# Formatting a new HDD for use with OPL: WINHIIP vs uLaunchElf



## L3gi0n0fh311 (Sep 26, 2021)

Should I use Winhiip or uLaunchElf to format a new HDD for use with OPL ?

if uLaunchElf is the better method, Should I use the uLaunchElf that is bundled with FMCB 1.966 ? or should I use a specific version of uLaunchElf ?


----------



## notimp (Sep 26, 2021)

If your HDD is 1TB or below - Winhiip.
If bigger than 128GB format it in Winnhiip, using the 48bit option.

I have a 1TB drive, and actually re-formated it in Winhiip as 48bit, because I was unsure if it was formated that way the first time around, when I formated it in HD Loader.

If its above 1TB I have no idea.

This is what I know (heuristics). HD Loader on 1.966 is patched so it will format bigger drives - i.e. 1TB ones.
If you then see the full 2TB (minus a little, but well above 1TB) as free space available in HD Loader and or OPL you should already be good.

Winhiip probably also can format drives larger than 1TB - also use the 48bit option there if you go with Winhiip.

Winhiip is 'old enough' that it doesnt play well with drives 1TB and above. (Hearsay.) But I assume that this applies only to loading games onto them. The actual limitation should only be the partition formatting its using, which tops out at 256 (or so) games. (A little less than 1TB filled.)

I used Winhiip up to that point, and its actually not a bad idea, because it gets you "proper game file names" or accustom to max filename length (cant remember which one) - I only remember, that after using it for a while I had my naming schemes figured out. Meaning: Actual names in OPL and HD Loder can be quite long and Winhiip will handle that for you (afair), but there is an initial set of characters (less than max. character length in OPL and HD Loader) that will be used for the partition naming. Lets say 16 (dont know (cant remember, might be 32)) - and those 16 cant be "doubled" (the same for one game and disc 2 of the same game f.e. (where you already typed 16 or so charas before you reach the disc 2 part that would separate/differentiate filenames). Winhiip is good at throwing those warnings. And getting you in a good naming scheme 'logic mindset'. Reads like mumbo jumbo, but its easier to figure that stuff (including chara limit) out in WinHiip.

Once you've reached 256 (or so) games on the HDD Winhiip will simply stop allowing you to add more.

At that point imho switch over to PS2 HD Handiness 0.75 - and resume adding games.

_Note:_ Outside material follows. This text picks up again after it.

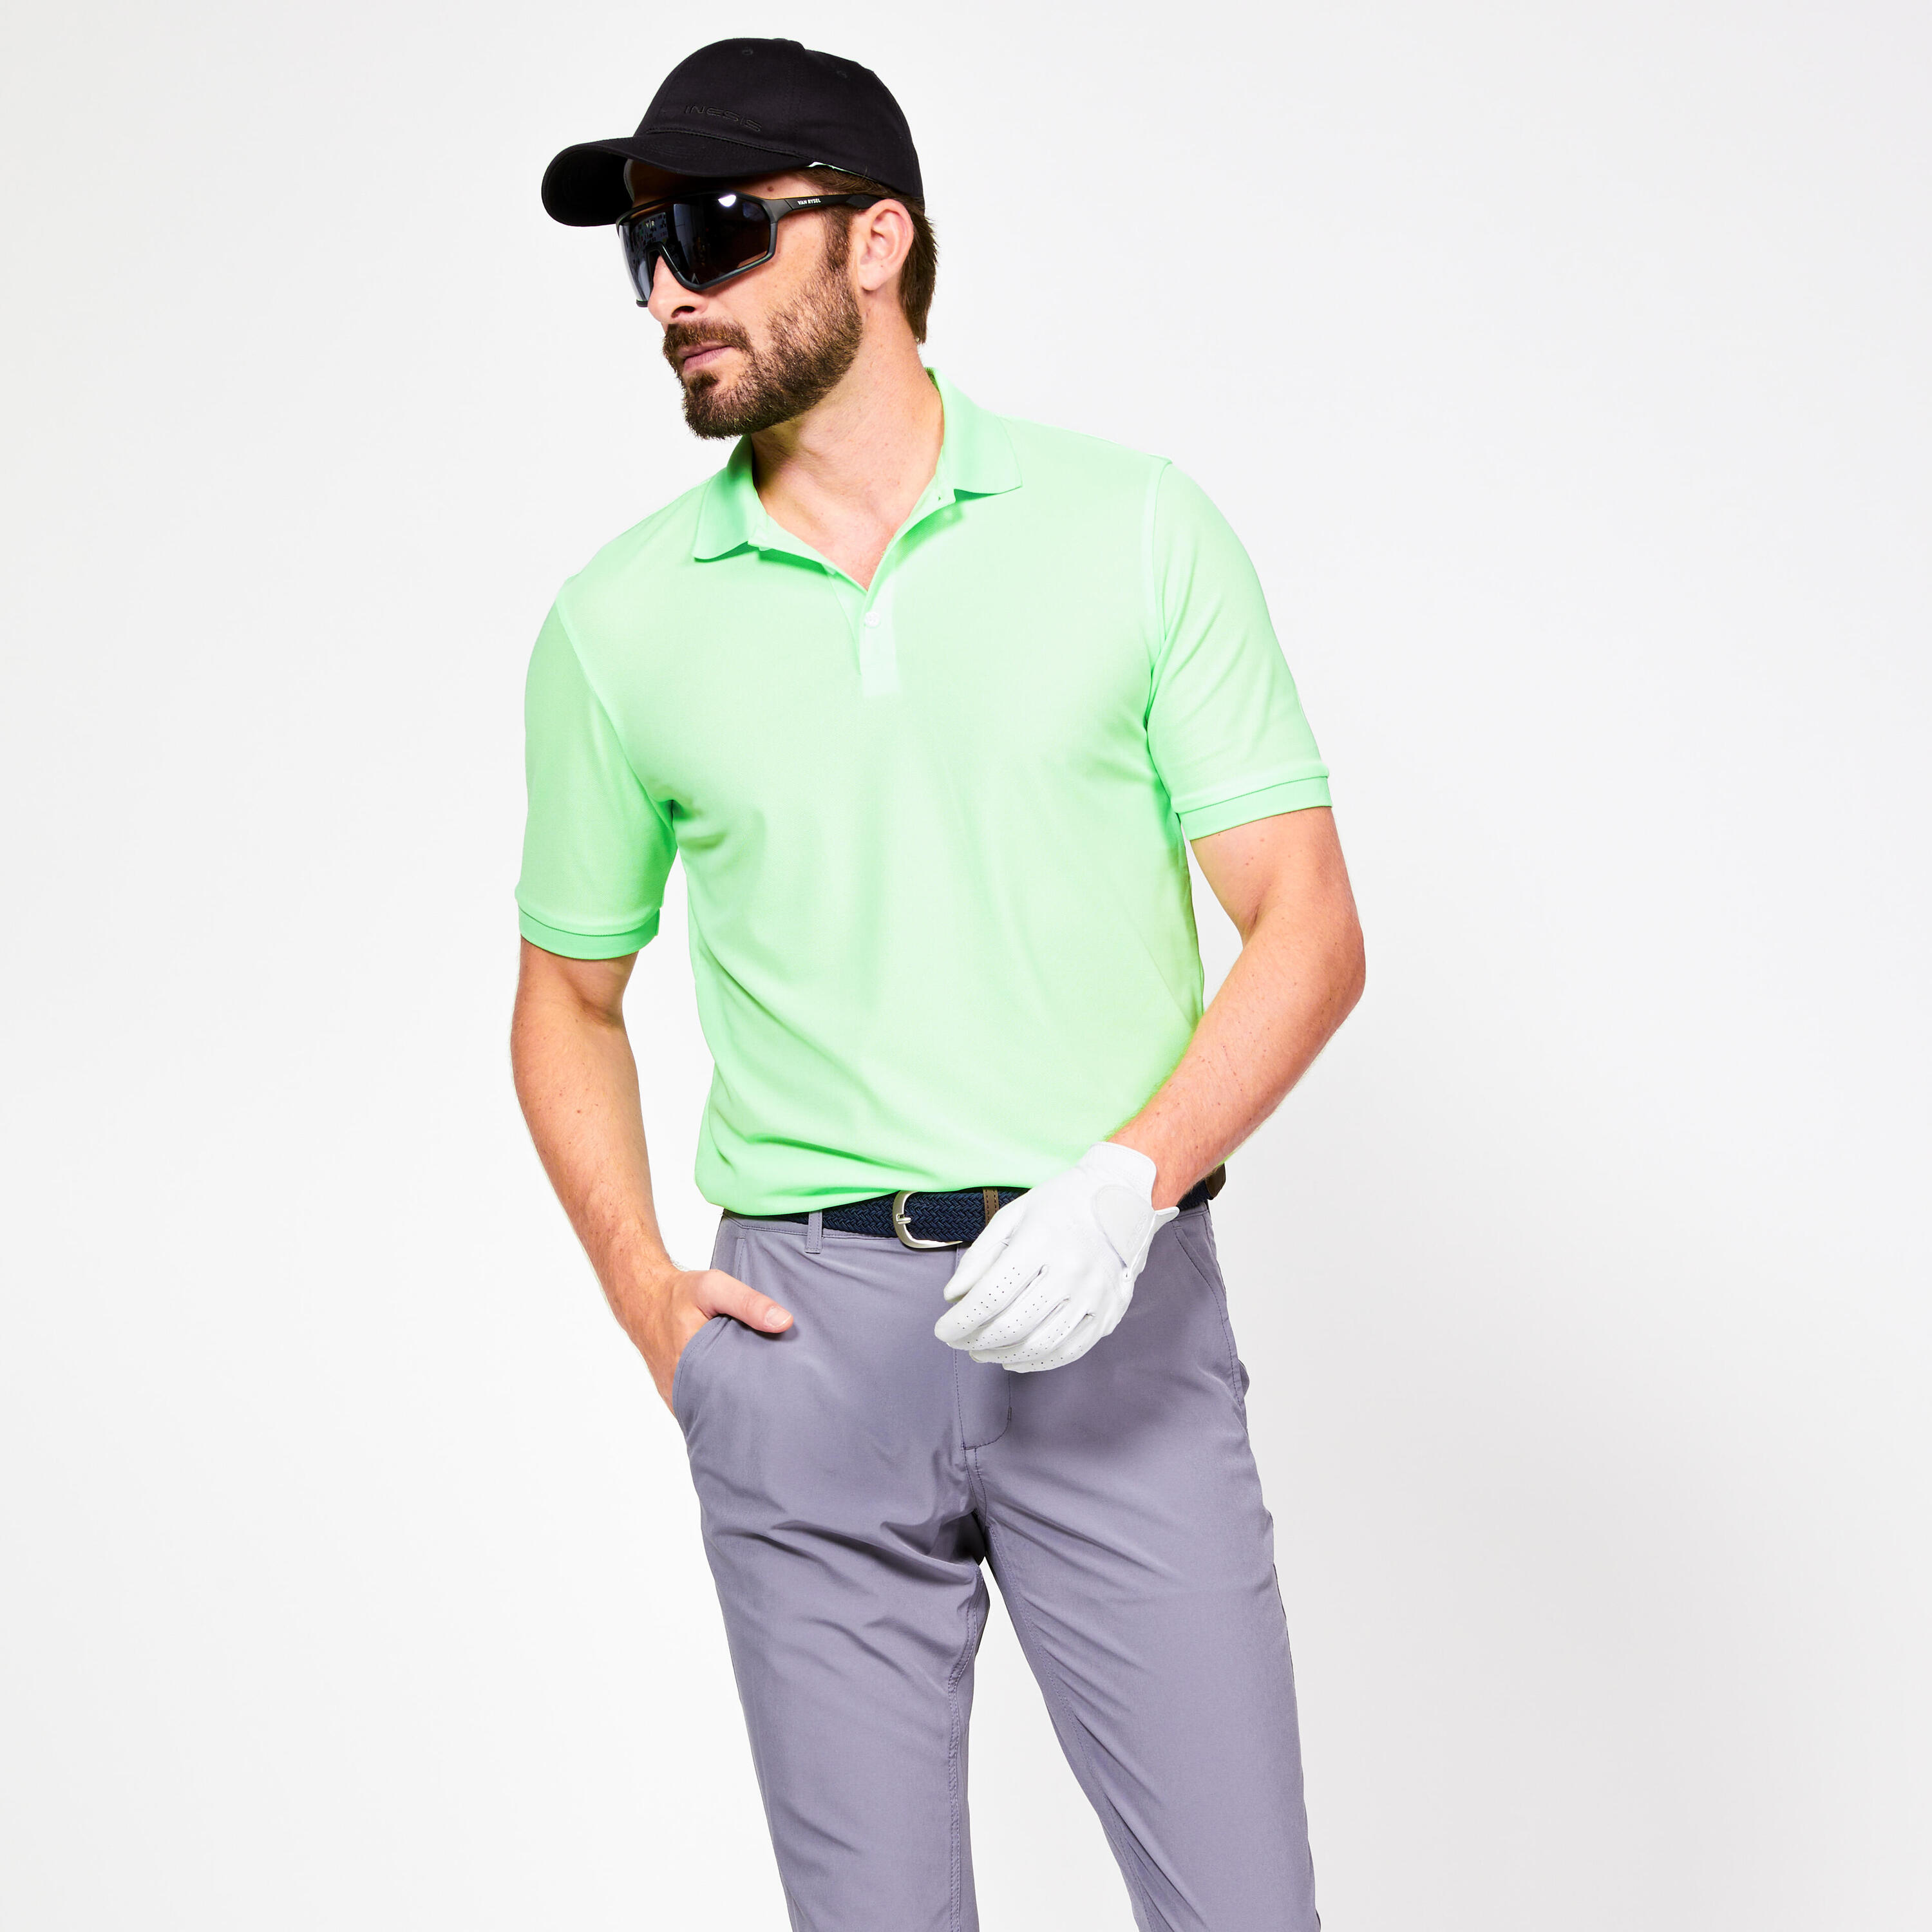 INESIS Men's golf short sleeve polo shirt - WW500 neon green

It allows you to add more than 256 games, and to delete games (while the HDD is connected to the PC), and it does so cleanely - but its naming features are less good than the ones in Winhiip, so its good to have your main naming logic already somewhat learned and practiced through Winhiip. Again doesnt sound like this is an optimal way to go, but works out quite well.

And whatever you do, if you have more than 256 (or so) games on the HDD, NEVER use the HDD repair function in Winhiip. It will rename partitions ok, but then rename them above 256 in the same naming scheme, and then start crashing from now on.  ( PS2 HD Handiness 0.75 will still work in that case.)

Also all games loaded onto the HDD with either of those programs will be visible and launchable with OPL.
--

Now back to what program to use to format.

My best guess is, that any program that in the end has HD Loader or OPL showing roughly the full discspace (so substantially more than 1TB on a 2 TB drive) - gets you there.

My best guess is also, that both HD Loader (formating on PS2) and WinHiip will get you there on a 2TB drive. I know they both work with up to 1TB drives, and I would go with WinHiip (choose the 48bit option during the formatting dialog) on the 2TB drive, if I'd had to take a guess on 2TB drives. I'd presume, that WinHiips "incompatibility" with 2TB drives (hearsay) only pertains to loading them up with more than 256 games. BUT - if you want to be safe, google the 2TB drive and which way to format them usecase beforehand. For up to 1TB I can confirm, that both HD Loader and WinhHiip work, and would recommend you to use WinHiip (48bit option on HDDs larger than 128GB).

Hope that makes sense.. 

Also - no software on the 1.966 memorycard needs NEEDS to be updated, but I eventually updated the OPL version on it. (Renamed the old one, then copied over a newer one, using the filename the older one had). Thats the only software on it, that I updated at all. And take your time with that, everything works with the out of the box stuff on it. So set up, get familiar with everything. And then - maybe think about updating the OPL version on the memory card, some time down the road. 

edit: After some googling with HDDs above 1TB (i.e. 2TB) both HD Loader and Winhiip seem to fail (?), and this version of uLaunch.elf seems to work:
https://www.psx-place.com/threads/u...yte-edition-file-partition-hdd-manager.10605/

See also.


So scratch my thoughts on 2TB drives (thought, that probably both Winhiip and HD Loader would work).

On the other hand, I can confirm that both of them will work with drives up to 1TB. (As in I've used them and they do.  )


----------